Los dos modelos de matriarcas, el permisivo de la exitosa periodista neoyorquina
y el «inmisericorde» de la mujer autoritaria
del humedal, chocan y asistiremos, como no podía ser de otra manera, a la
sutil comprensión recíproca entre ambas mujeres.
La historia
progresa, así pues, en el sentido de ir descubriendo, sobre todo, la tremebunda
historia de la mujer del humedal y de sus cuatro hijos, dos viven libremente,
uno con innegable retraso mental, el otro, violento padre futuro de una
criatura cuya madre, simple como la formulación química del agua, vive con
ellos, aunque todo su empeño sea «volver» a la civilización, si bien lo que
hace la suegra es comprarle una televisión «de pilas» que la joven usa para ver
la televisión basura —telepredicadores, concurso, etc.— que la une a esa «civilización».
El hijo menor, enfrentado a la madre, vive en una jaula, y el mayor, que no existe para la madre, vive en
la ciudad, regentando un club de strip-tease.
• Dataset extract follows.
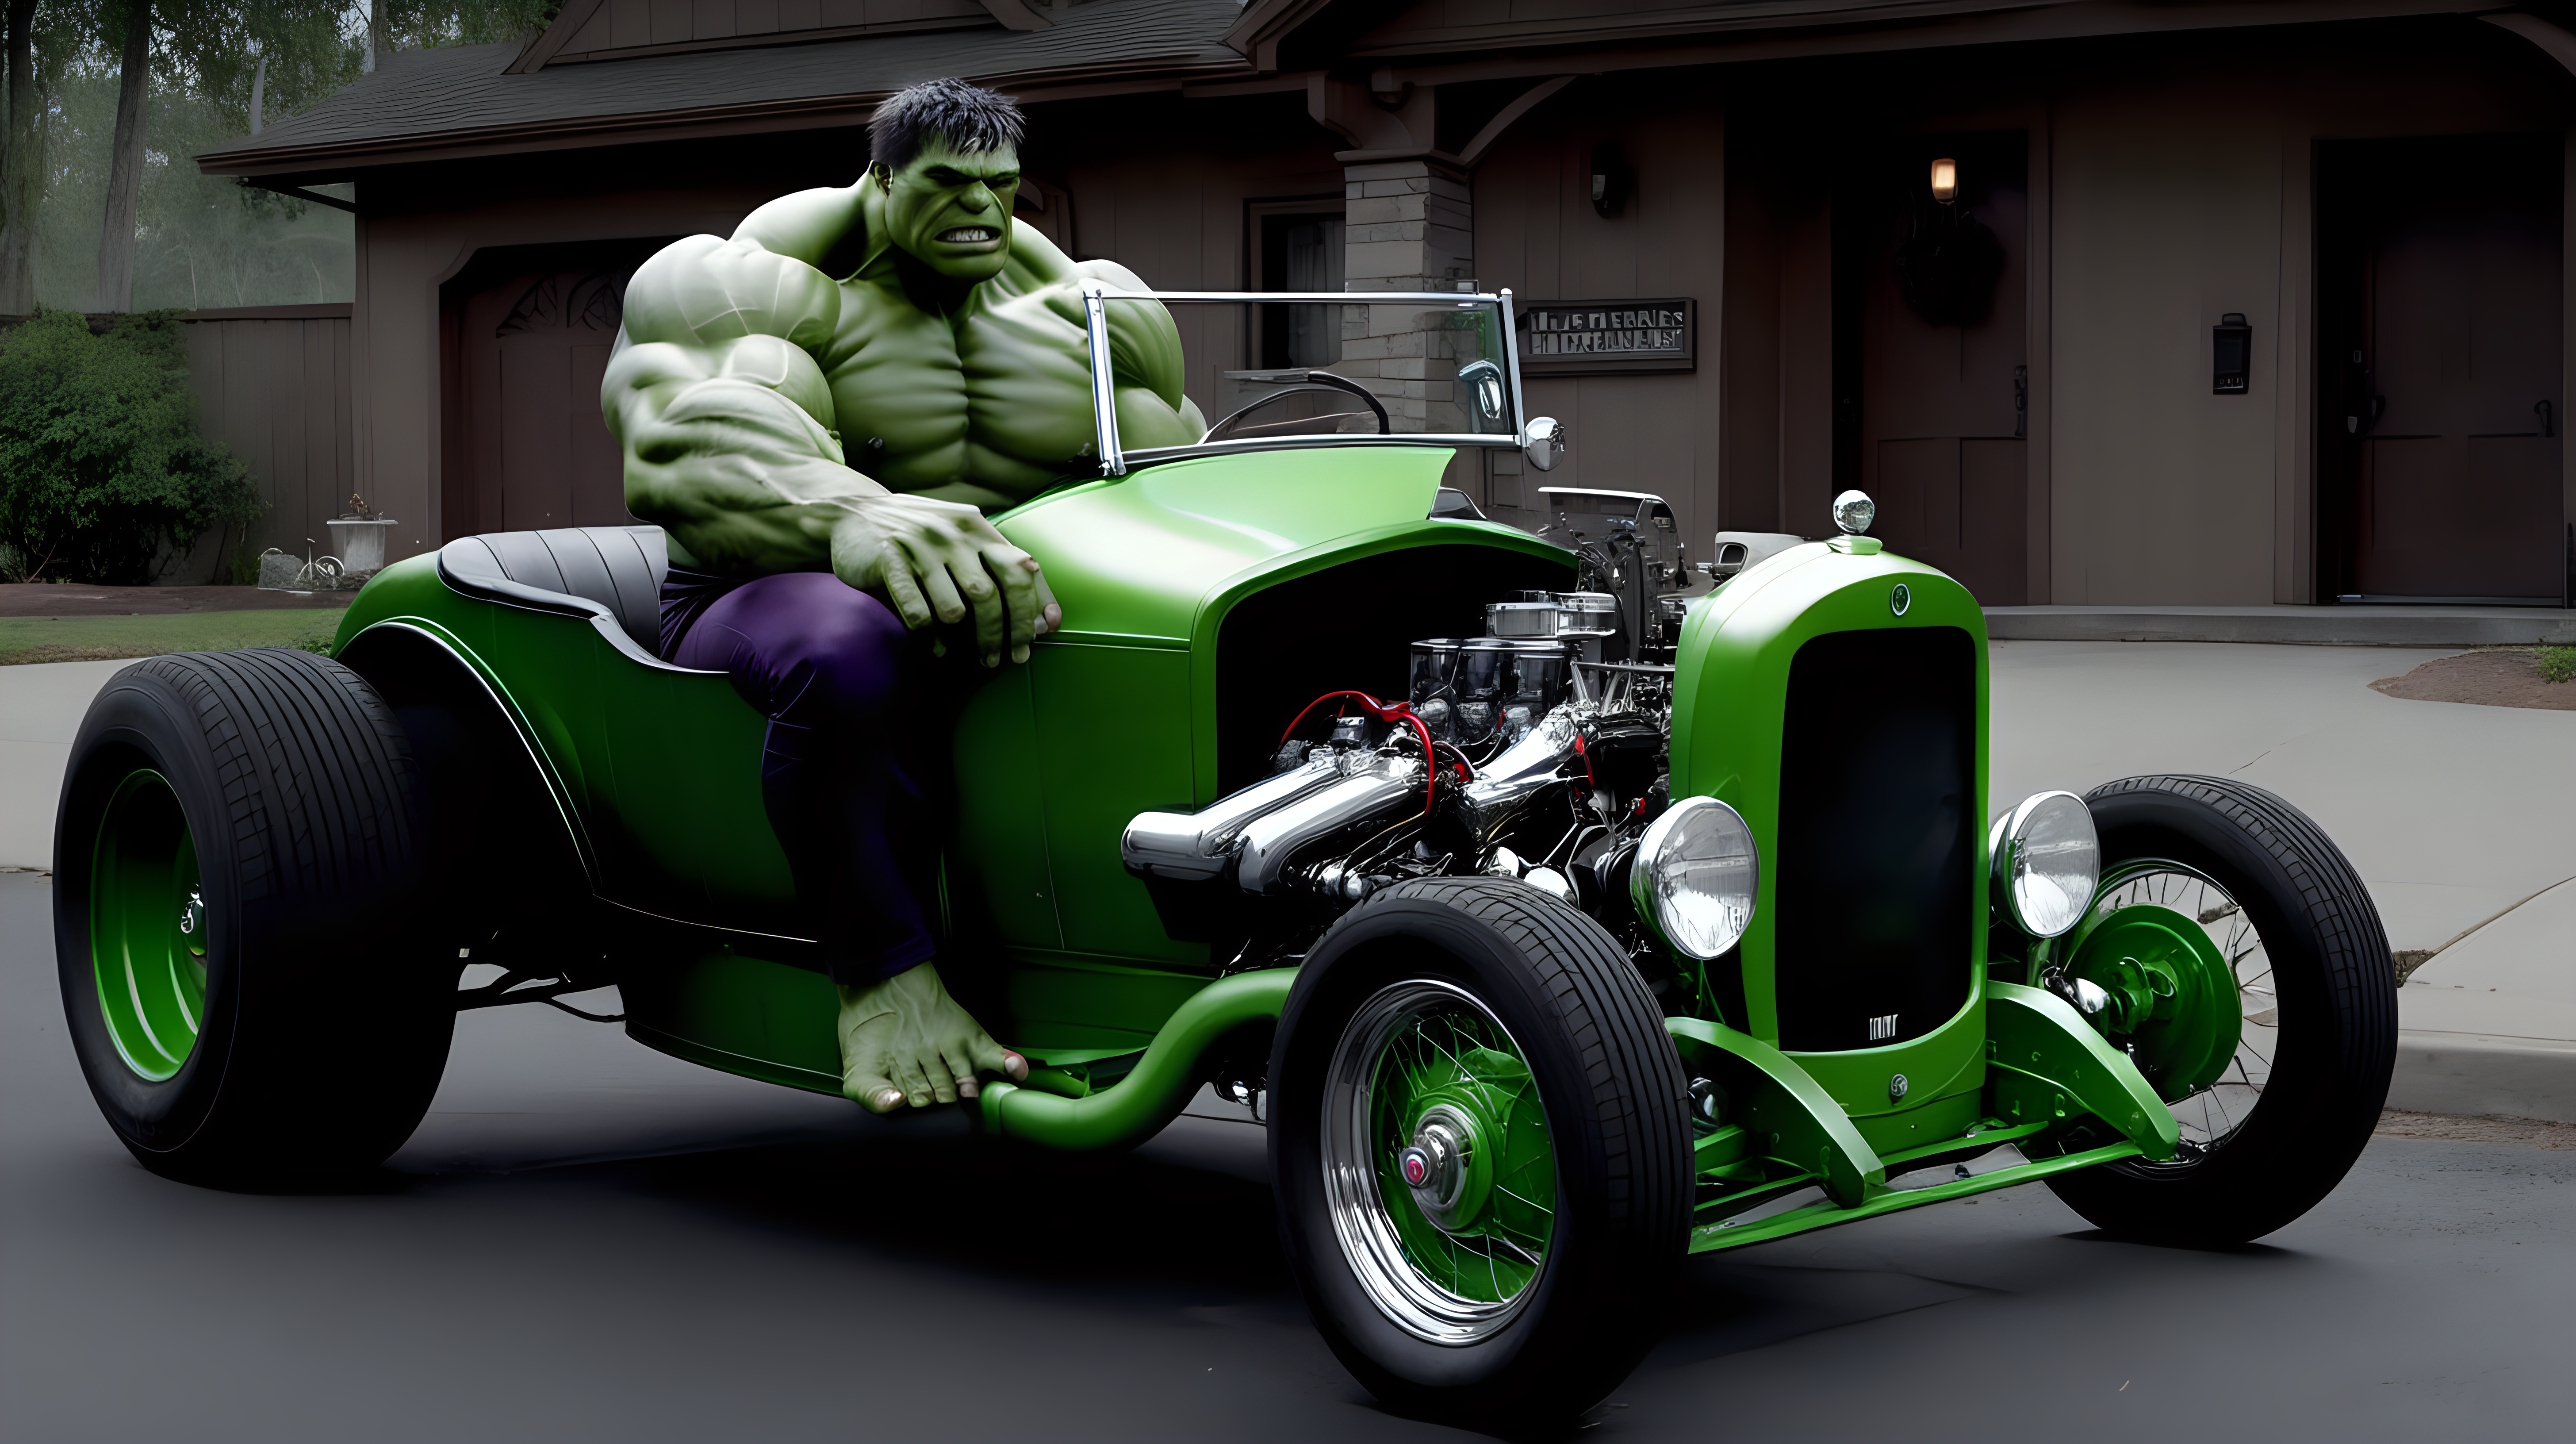 The Hulk sitting on a 1920's roadster

Con todo, el retrato del
padre, con gran mostacho negrísimo, como sus ojos y su cabello, preside el
comedor de la rústica vivienda donde las neoyorquinas creen que van a pasar
unos días haciendo turismo de aventura. Me adelanto, aunque, en este punto, tal
revelación tenga poco de tal, a constatar que cuando el hijo mayor regresa a la
casa y se sienta a comer con sus hermanos y su madre, lo hace en una de las
cabeceras, justo debajo del retrato de su padre, al que es clavado.
Durante la excursión
que hacen ambas primas a la ciudad, la hija de la periodista se queda sola con
los tres chicos, y no se le ocurre otra cosa que colocarlos con cocaína,
después de haber liberado al hijo cautivo, con el que hace una bellísima
excursión por los contornos, porque, como era previsible, la exploración
fotográfica de los humedales consigue imágenes de una belleza extraordinaria,
algo que Konchalovsky ya consiguió en Paraíso, aunque en esta en un
maravilloso blanco y negro. Esas dos líneas paralelas van a generar un
crescendo del que la película, hasta ese momento interesante, pero
relativamente plácida, se beneficia para un tramo final lleno de desasosiego, emoción
y altura dramática impactante. Como advierto, por FilmAffinity, que no es una
película que haya suscitado el interés mayoritario del público, me apresuro a
recomendarla fervientemente, porque si
en alguna ocasión tiene sentido lo de la «América profunda», es en este, en
efecto.
Siendo un director que me parece tan
versátil como brillante, confieso que, por circunstancias ajenas a mi deseo, no
llegué a tiempo de ver Queridos camaradas, pero, tras haber visto
esta, en las antípodas estilísticas y temáticas de un peliculón tan apabullante
como El tren del infierno, auténtica sublimación de las películas «de
acción», haré por verla cuanto antes.
Eso sí, no se me despisten de esta tragedia matriarcal y gótica en la
que no sabemos qué nos estremece más, si la agreste belleza de los humedales o
el drama que justifica una vida.
Dicho lo anterior, conviene dejar
constancia de la interpretación magnífica de todo el elenco, pero muy
especialmente de la de Barbara Hershey y de la de la neololita —hay guiños al
respecto— Martha Plimpton.
[Nota: En 1980, los cajunes , con lengua, música, gastronomía,
etc. propias, fueron reconocidos cono grupo étnico por el gobierno usamericano.